晋江文学城
下一章 上一章  目录  设置

93、高中 ...

  •   夏天到了,爷爷的手脚也灵活许多,他说,趁着还能动,想再去家乡看一看。钟立言叫融嘉和爷爷奶奶一起去,融嘉没说什么,臭着一张脸上了车。
      接下来的几天,钟立言一直在家陪妻子。

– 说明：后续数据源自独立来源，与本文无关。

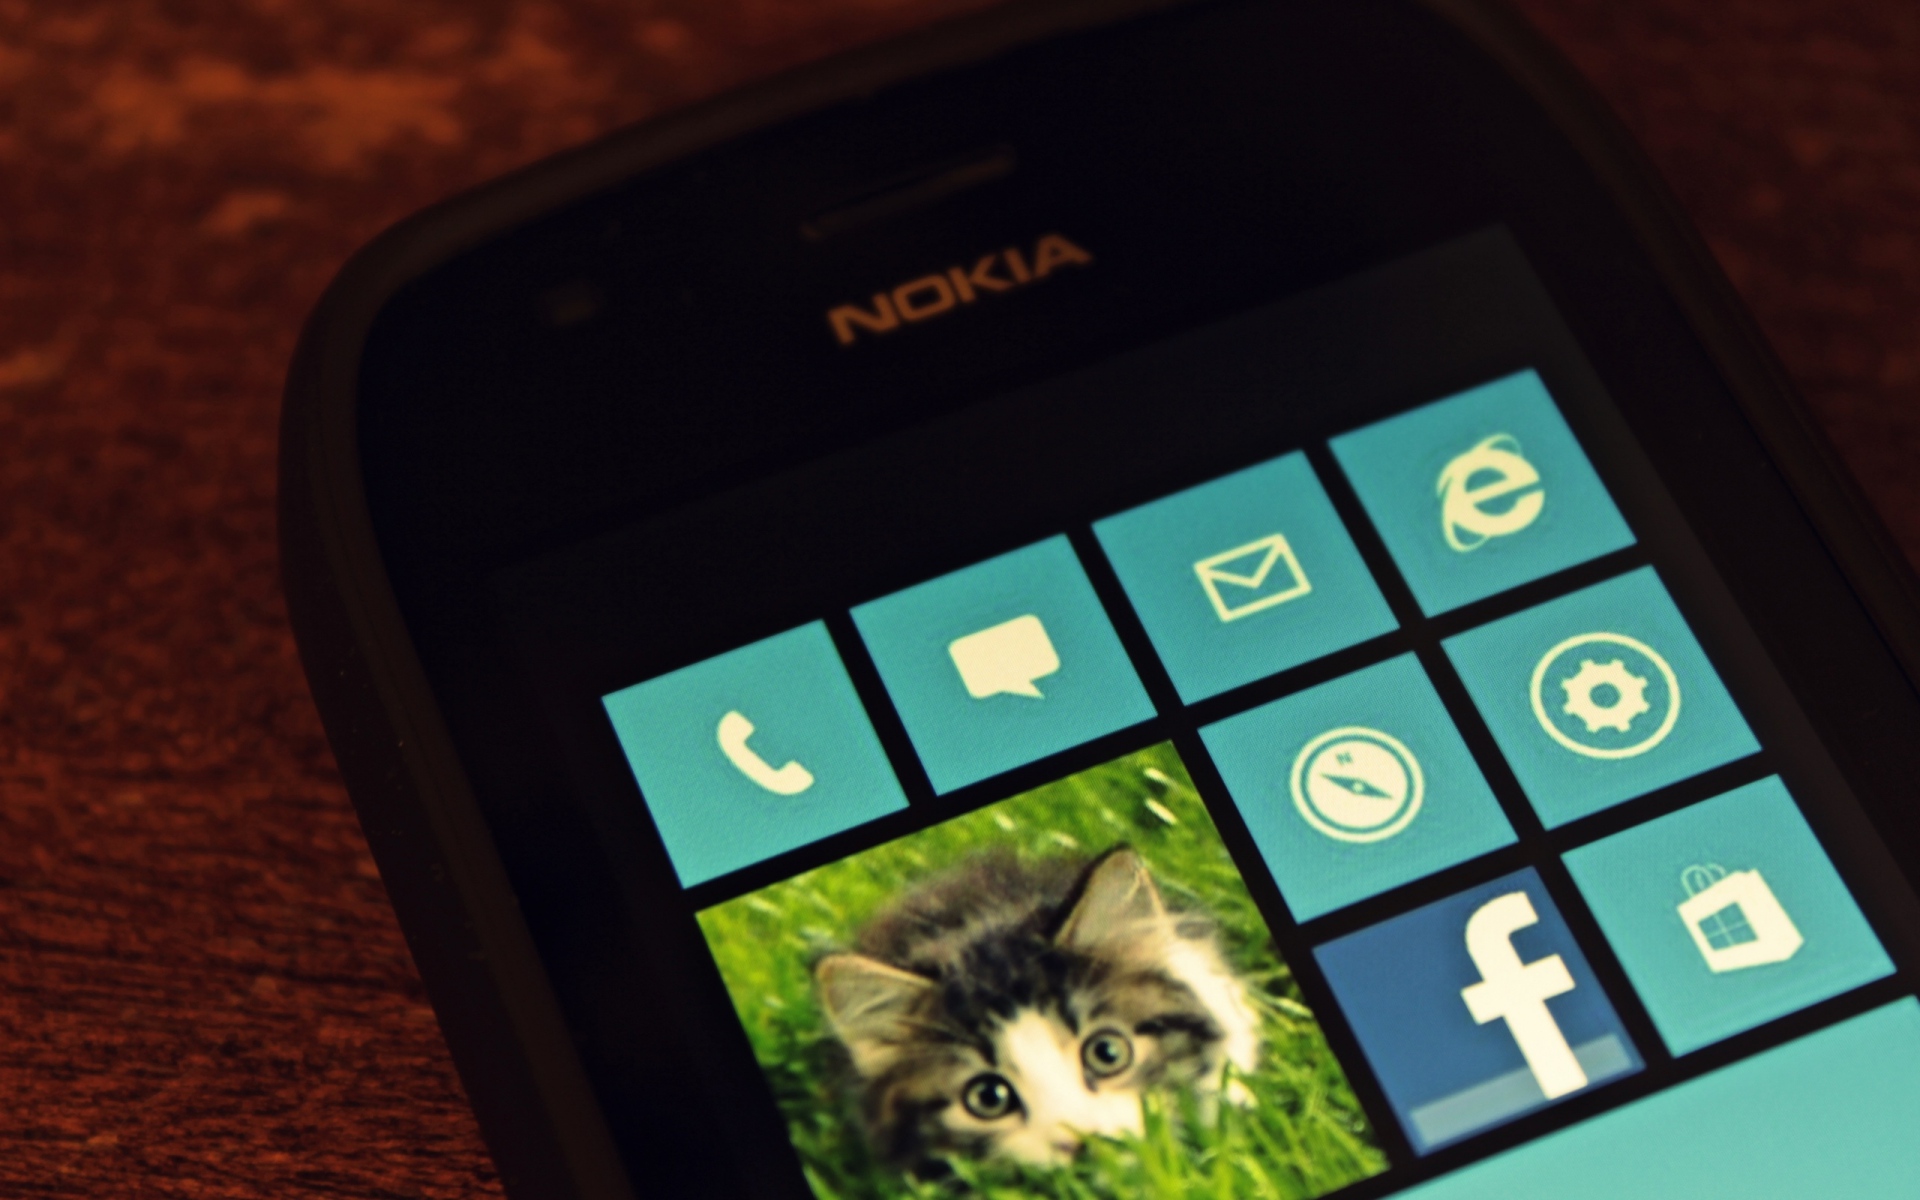 Картинки КР8, Nokia, сенсорный экран, мобильный телефон фото и обои на рабочий стол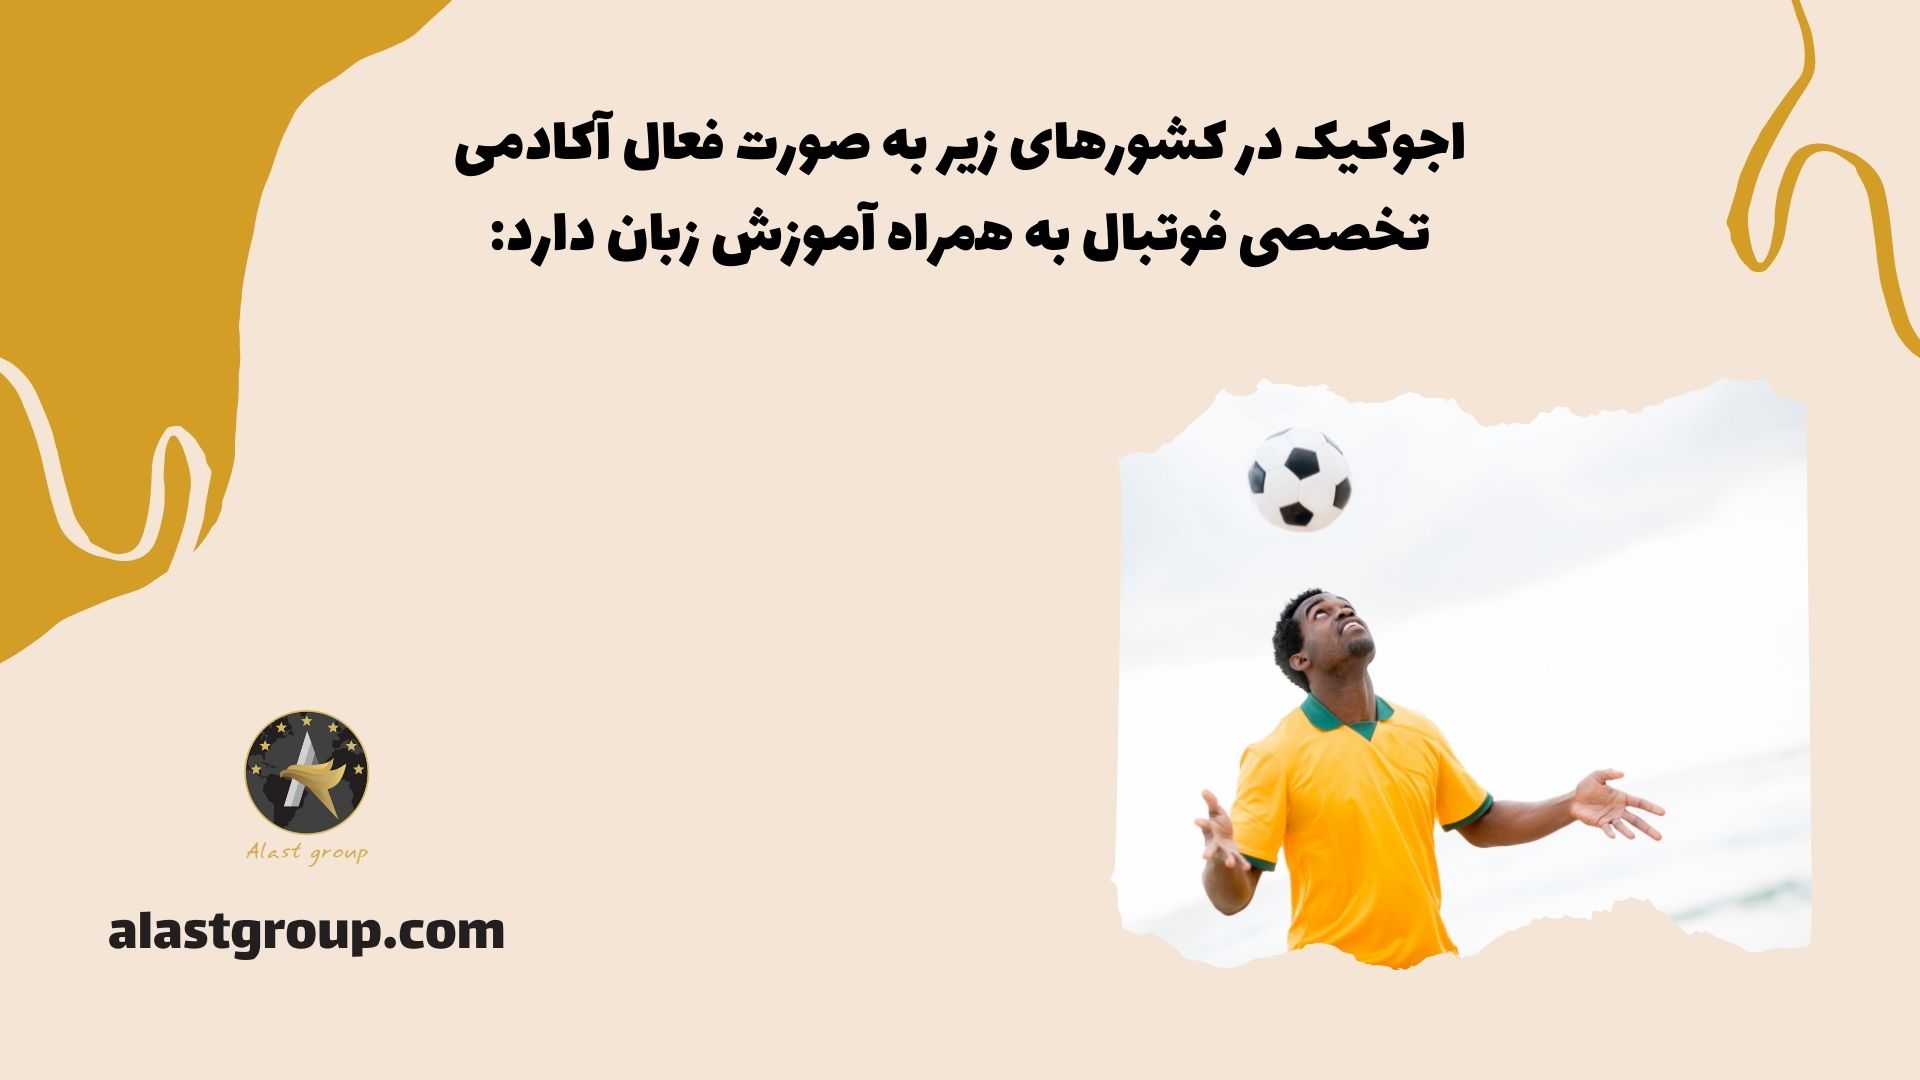 اجوکیک در کشورهای زیر به صورت فعال آکادمی تخصصی فوتبال به همراه آموزش زبان دارد:

廖茵腹涨难受,脸色发紫,一整天都待在卫生间里走不出来。在外面等得实在是急了,钟立言说,“去医院吧。这样下去不是办法。”
      廖茵不肯去,她疼得说不出话,叫声传到楼上,这不是她第一次听见母亲痛苦的叫喊,只是今天的,似乎特别厉害。
      “幸福,幸福,你快下来一下。”
      客厅凌乱一片,大大小小,各种类型的消食片和冲剂,有些消化茶的包装破开了,洒了一地都是。看见披头散发的妈妈连站都站不稳,幸福傻在原地,钟立言火气很大,不悦地说,“怎么叫了半天才下来?”
      “幸福!”见女儿还是愣着,他吼她,“你耳聋了是不是?”
      她回神过来,眼眶霎时通红,“爸......爸爸,我要怎么办?”
      钟立言拽住廖茵的肩膀,叫幸福把她扶到自己背上。哪知道手才松开,廖茵踉跄地朝卫生间的方向转去,“不行......我要上厕所。”
      “你在里面已经一整天了......我背你去医院......”
      “我不去医院!你走开......”廖茵不依不挠地挣开丈夫,脚没有力气,差一点跪到地上,模样狼狈不堪。钟立言扭不过她,只好也跟了进去。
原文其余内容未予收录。